- PROBLEM REQUIREMENTS -
Send back exactly the lines from the opening line of the records below through the one with "石膏びっくりするチーター自然のパターンI by Wendy".

- PROVIDED DATA -
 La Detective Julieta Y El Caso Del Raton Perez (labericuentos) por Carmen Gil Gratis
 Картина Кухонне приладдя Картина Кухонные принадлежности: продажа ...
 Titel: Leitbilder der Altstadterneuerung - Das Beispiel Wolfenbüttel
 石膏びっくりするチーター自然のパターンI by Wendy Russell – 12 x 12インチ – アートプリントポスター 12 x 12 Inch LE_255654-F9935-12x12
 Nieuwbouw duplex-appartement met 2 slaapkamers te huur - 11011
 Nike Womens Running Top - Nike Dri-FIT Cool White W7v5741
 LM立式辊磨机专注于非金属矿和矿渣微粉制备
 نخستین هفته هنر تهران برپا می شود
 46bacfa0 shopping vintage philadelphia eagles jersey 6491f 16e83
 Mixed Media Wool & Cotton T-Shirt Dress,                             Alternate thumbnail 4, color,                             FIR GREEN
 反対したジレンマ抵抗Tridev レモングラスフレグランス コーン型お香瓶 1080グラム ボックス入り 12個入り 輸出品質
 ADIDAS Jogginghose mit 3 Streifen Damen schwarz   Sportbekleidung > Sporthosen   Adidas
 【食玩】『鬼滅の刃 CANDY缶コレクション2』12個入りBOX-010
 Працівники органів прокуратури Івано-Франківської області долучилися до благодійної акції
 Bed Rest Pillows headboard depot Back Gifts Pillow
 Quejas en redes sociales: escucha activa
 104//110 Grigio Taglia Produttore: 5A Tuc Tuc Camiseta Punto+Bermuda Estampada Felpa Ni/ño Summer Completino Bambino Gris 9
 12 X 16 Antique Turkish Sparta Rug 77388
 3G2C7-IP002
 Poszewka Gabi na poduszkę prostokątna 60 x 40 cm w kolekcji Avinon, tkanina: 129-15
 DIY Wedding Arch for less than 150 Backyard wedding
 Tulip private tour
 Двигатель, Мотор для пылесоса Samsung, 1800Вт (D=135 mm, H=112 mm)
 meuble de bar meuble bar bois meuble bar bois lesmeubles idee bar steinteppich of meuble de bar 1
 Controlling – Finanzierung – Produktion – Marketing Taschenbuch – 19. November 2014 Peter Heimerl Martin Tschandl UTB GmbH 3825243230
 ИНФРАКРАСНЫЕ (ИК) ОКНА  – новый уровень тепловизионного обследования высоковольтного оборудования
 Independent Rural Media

- COMPLETED TASK -
 La Detective Julieta Y El Caso Del Raton Perez (labericuentos) por Carmen Gil Gratis
 Картина Кухонне приладдя Картина Кухонные принадлежности: продажа ...
 Titel: Leitbilder der Altstadterneuerung - Das Beispiel Wolfenbüttel
 石膏びっくりするチーター自然のパターンI by Wendy Russell – 12 x 12インチ – アートプリントポスター 12 x 12 Inch LE_255654-F9935-12x12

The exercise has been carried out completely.